Apartments for rent?
When the Avenue Building opened this spring, it meant a long-empty and derelict building 21/2 blocks from Portage and Main would be rehabilitated. But it's also an experiment in apartment living, downtown, on Portage Avenue -- a concept that would have been mocked as lunacy only a few years ago. This year, there were no fewer than 650 new apartments available, under construction or in the works in downtown Winnipeg and an additional 1,100 new condominiums. There has long been an understanding that if Winnipeg's downtown is to be revitalized, it needs more residents. But for that to happen, more residences are required. They're finally being built.
Let them eat pork
The problem is, it's too easy to do just that. Pork prices in the meat department didn't rise nearly as fast as the input costs for the producers. The spike in grain prices that made so many farmers happy this year was a scourge to hog producers, of whom this province hosts the most in the country. Producers were exiting the market as quickly as they could. But unlike other manufacturers who might choose not to sell their product into a glut in the market, hog producers can't just sit on their inventory. Two of the largest producers in the country -- one in Manitoba and another in Saskatchewan -- were forced into receivership. It remains to be seen if the market corrects itself, but if it does, it could mean sticker shock at the butcher shop.
Keep digging, boys
For the first time in the modern era, there were two mines in construction in Manitoba in 2012 -- the $700-million Lalor mine near Snow Lake and the much smaller Reed Lake Mine southwest of Snow Lake. Manitoba's prestige as a place to do mineral exploration has lost some of its lustre over the past couple of years, sinking from first place in 2007 to 20th in 2012 in the Fraser Institute's Survey of Mining Companies. That's mostly because of a muddled-up approach to its duty to consult First Nations and aboriginal groups on treaty rights claims within potential development areas. But the experience of long-standing Manitoba producers such as HudBay Minerals Inc. -- the owner of Lalor and the managing partner at Reed Lake -- was able to manage those projects to production.

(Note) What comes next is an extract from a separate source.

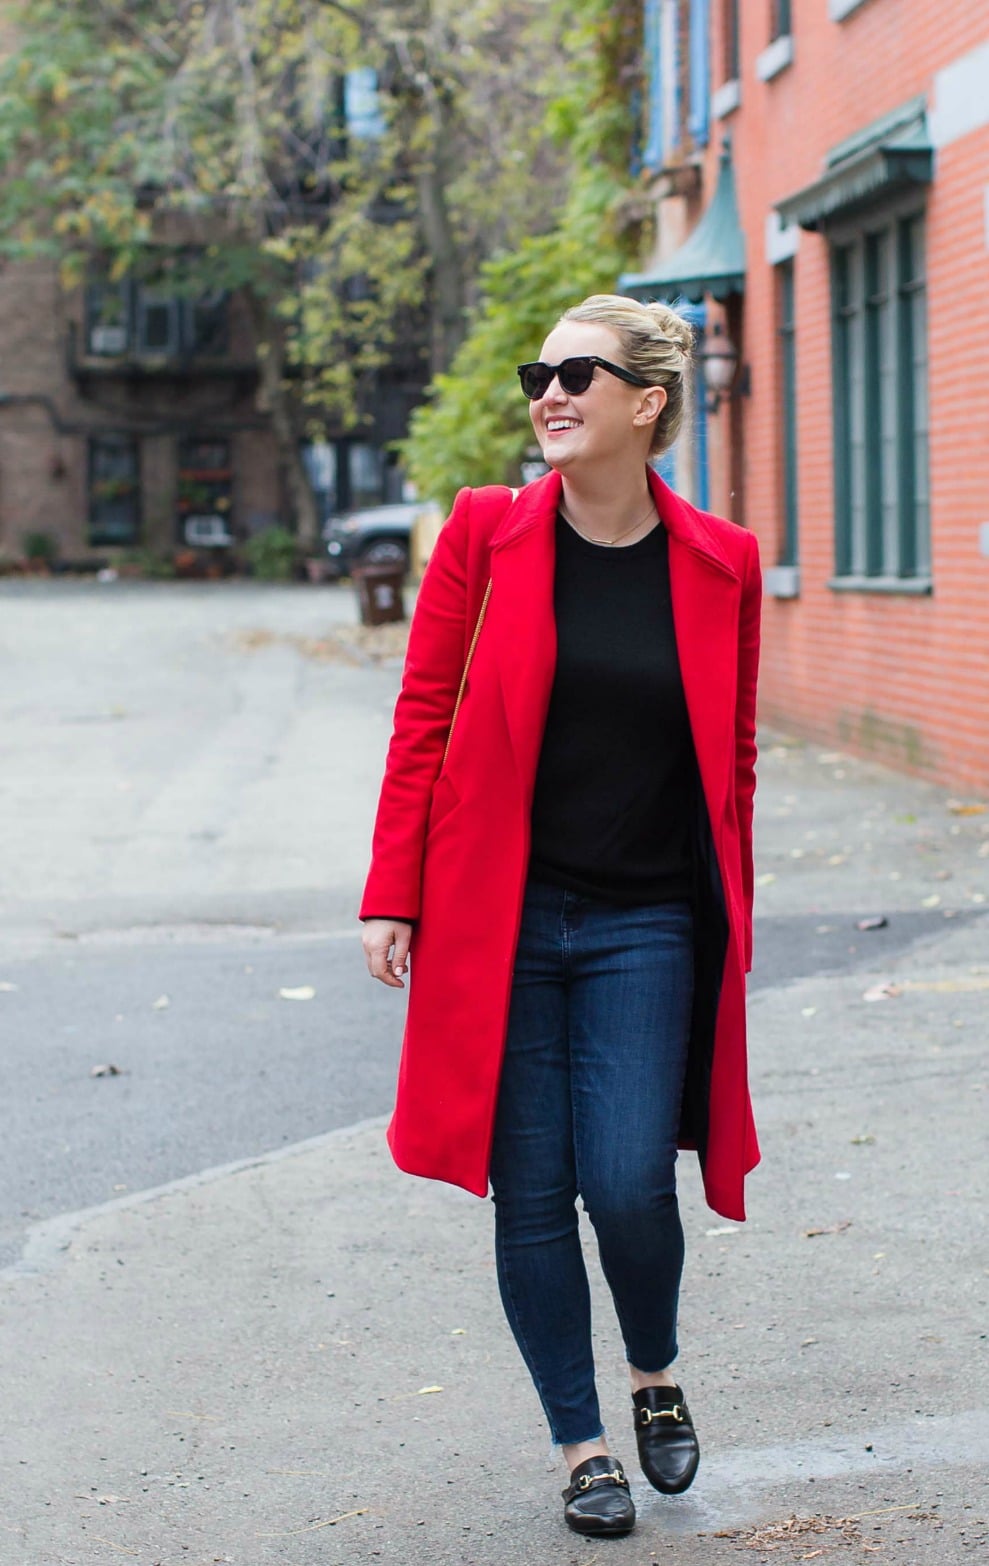 Meghan Donovan styles a red coat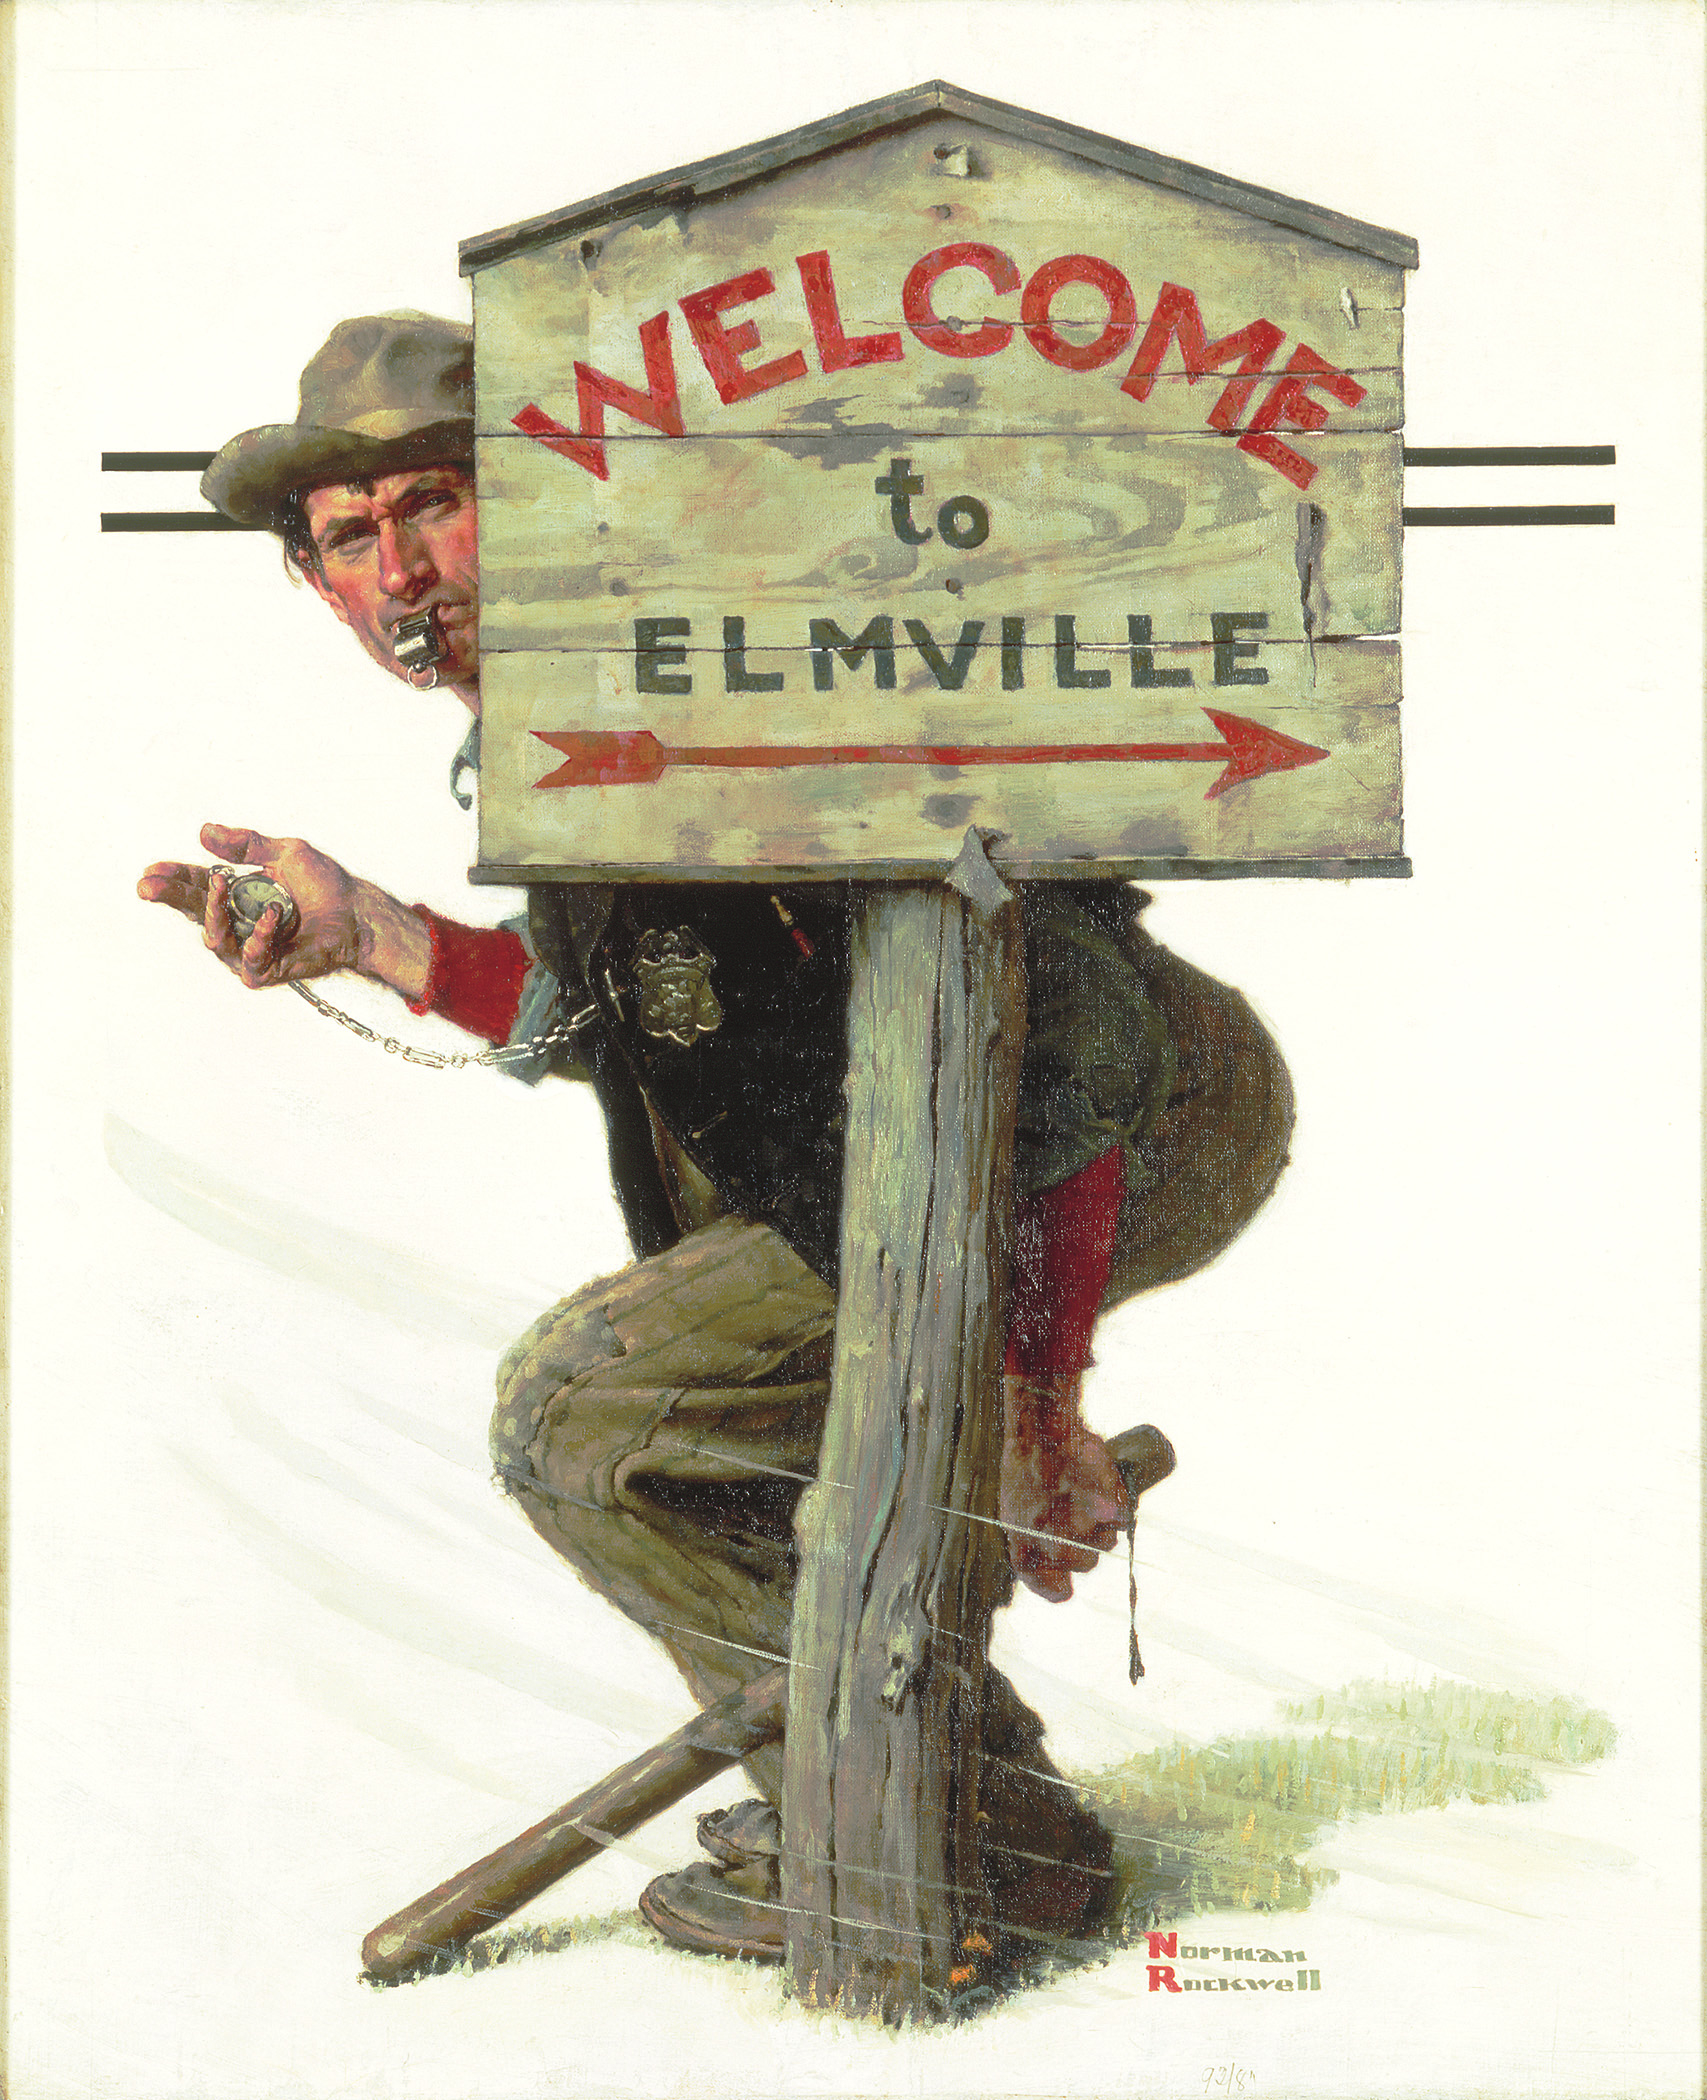 Norman Rockwell's "Welcome to Elmville"

Sports fandom meets the world of business
Sports fans prefer to remain blithely ignorant of the boardroom machinations required to organize the leagues and play the games. But for dedicated fans in Winnipeg, it was annoyingly difficult to remain oblivious to those business realities in 2012. We studied weekly reports of the difficulties in building the Bombers' new stadium -- who knew it could be so windy in Winnipeg? -- and the agonizing labour dispute in the NHL has wrenched those schooled in goal-against averages into full briefings on escrow accounts and make-whole provisions. And by the way, after bootstrapping his way into NHL profitability in one year, is there anyone harder-hit by the lockout than Jets governor Mark Chipman?
Exactly who owns the cookie jar?
It's not hard to imagine when a commercial enterprise is met by good fortune that an extravagant purchase may take place. But when Tribal Councils Investment Group acquired a corporate jet a couple of years ago it wasn't the owners, per se, who made the decision. Management of the investment firm owned by Manitoba's tribal councils may have gotten a little caught up in the excellent returns being generated. Their efforts to keep politics out of the corporate decision-making process might even have boosted profits, but when three of seven shareholders sue the company claiming shareholder oppression, it's probably a sign management may have gone too far in that regard.